Again, there are many more reasons for the decline, you can't just narrow it down to one, however hospitals and clinics are taking advantage of this. One doctor explained that the only reason many tests are never done is because the administration won't allow the nurses to administer them unless it's covered by insurance, even if the patient has cash in their pocket.

Re: Why physicians in the US do an EXTREMELY poor job of correctly diagnosing illnesses.

Posted: Tue May 17, 2011 3:30 am
by curious_guy (imported)
butterflyjack (imported) wrote: Wed May 11, 2011 1:47 pm My guess is....socialized medicine does away with this...dragonfly

Socialized medicine would do little to solve the problems we have with physicians in the US. I think the real solution is to replace the physicians with robots. The process should be gradual. People should have the choice of going to a human physician or to a robotic physician. At first, very few people would go to a robotic physician.

After people learn that their family members, friends, coworkers etc. are getting MUCH better results from a robotic physician at a much lower cost, more and more of them would choose a robotic physician. Any businessperson who has not been convicted of fraud should be able to buy or lease a robotic physician and set up a medical service business.

The robotic physician should be designed to be extremely difficult to tamper with. Legal penalties for tampering with the programming of a robotic physician to increase profits by making or keeping patients ill should be very severe. The minimum penalty should be a million dollar fine and 20 years in prison.

Re: Why physicians in the US do an EXTREMELY poor job of correctly diagnosing illnesses.

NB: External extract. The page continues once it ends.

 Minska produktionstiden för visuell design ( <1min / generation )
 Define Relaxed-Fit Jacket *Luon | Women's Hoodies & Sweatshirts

Posted: Tue May 17, 2011 3:40 am
by curious_guy (imported)
artisticlicense (imported) wrote: Thu May 12, 2011 2:49 pm The days of 'trusting' your physician are over. People are more like 'clientèle' than 'patients'.

You can trust physicians to do these things:

1. Put their financial interest 100,000,000,000,000 light years ahead of your health interest.

2. Work very hard to make and keep you chronically ill because they make more money that way.

3. Lie to you every time it is to their advantage.